▸ Required action: Only the lines below between the ones containing "2019-2020 Colorado Speech" and "Bee Gees - Secret Love - dutchcharts.nl", inclusive, are to be reproduced, each exactly as it stands.

▸ Exercise data:
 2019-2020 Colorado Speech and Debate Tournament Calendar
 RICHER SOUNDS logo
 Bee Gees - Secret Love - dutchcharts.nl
---
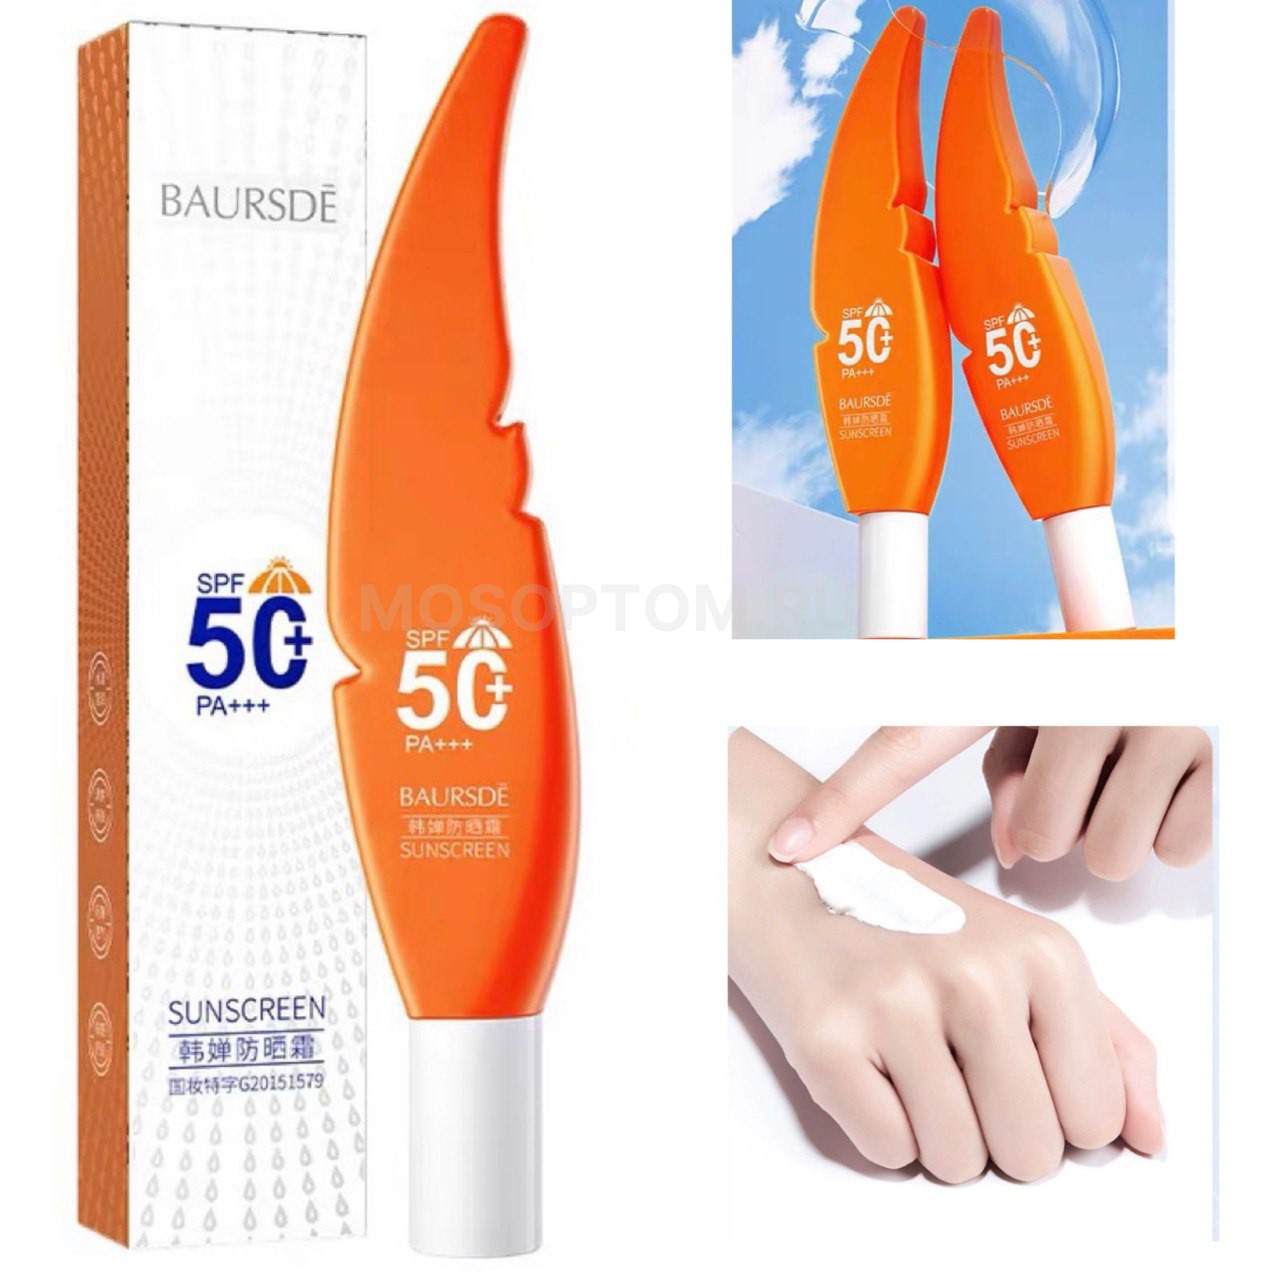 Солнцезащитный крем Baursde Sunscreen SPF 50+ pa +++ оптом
---
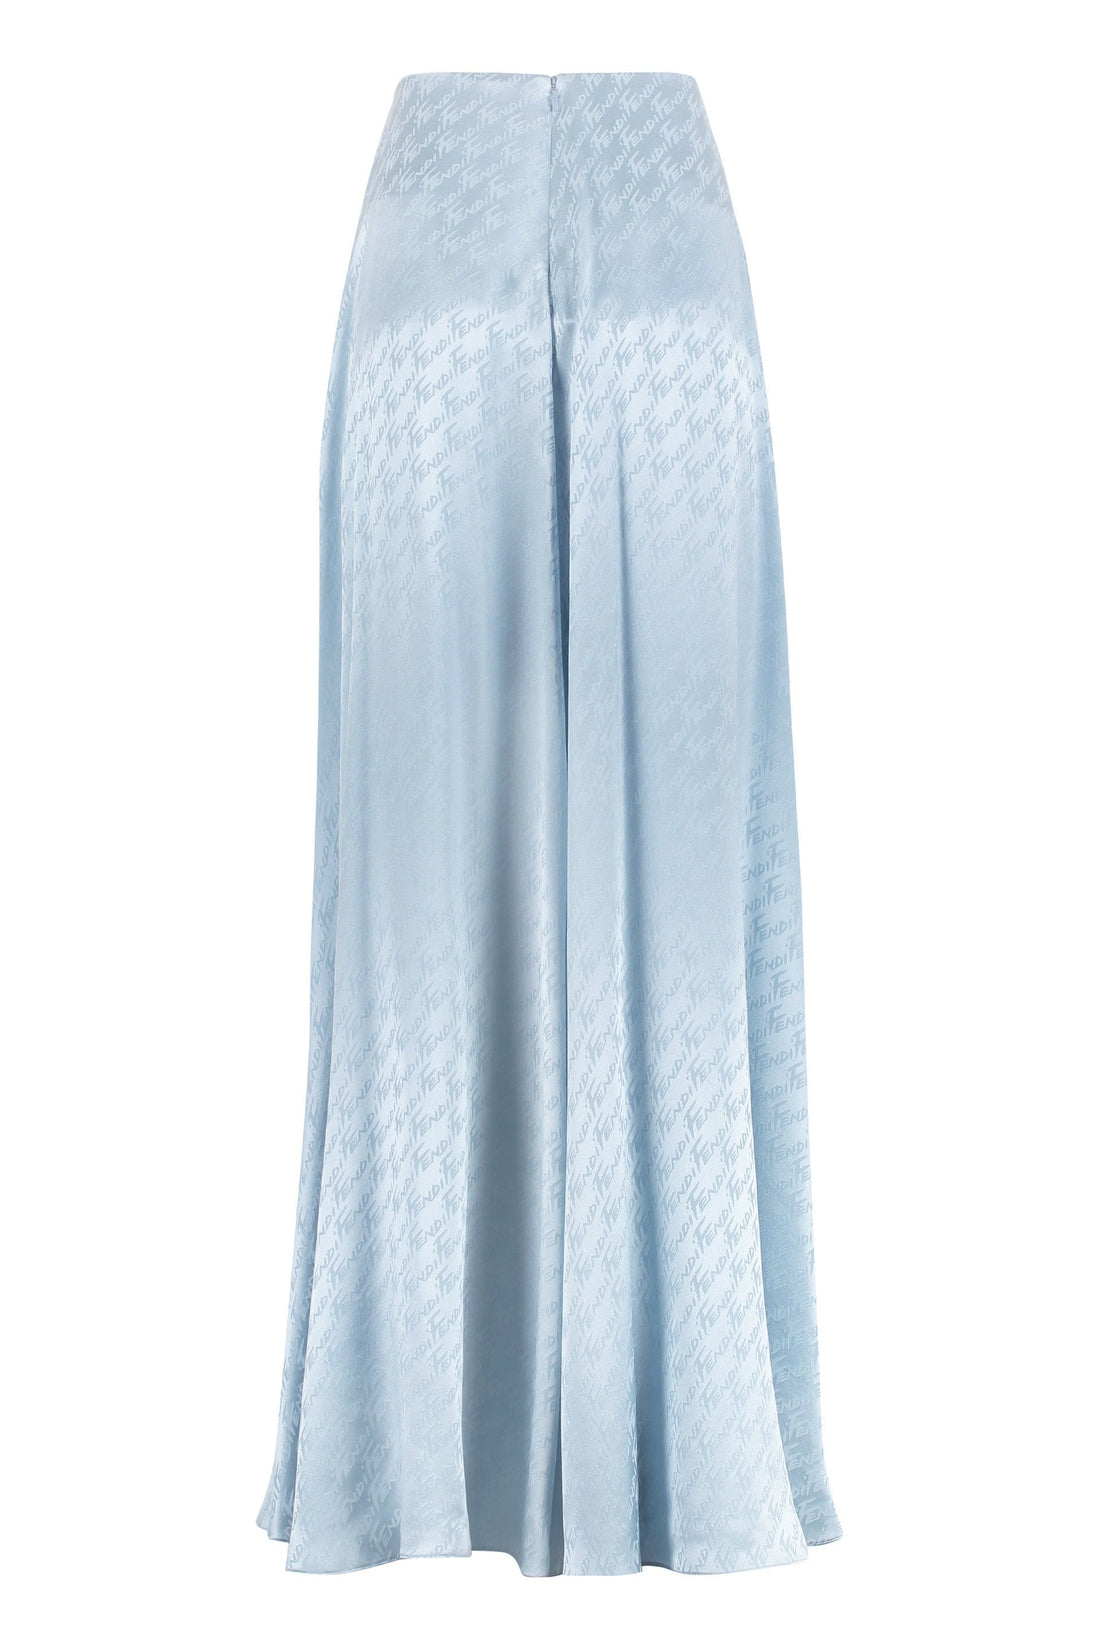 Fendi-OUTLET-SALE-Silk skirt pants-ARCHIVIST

▸ Output for this task:
 2019-2020 Colorado Speech and Debate Tournament Calendar
 RICHER SOUNDS logo
 Bee Gees - Secret Love - dutchcharts.nl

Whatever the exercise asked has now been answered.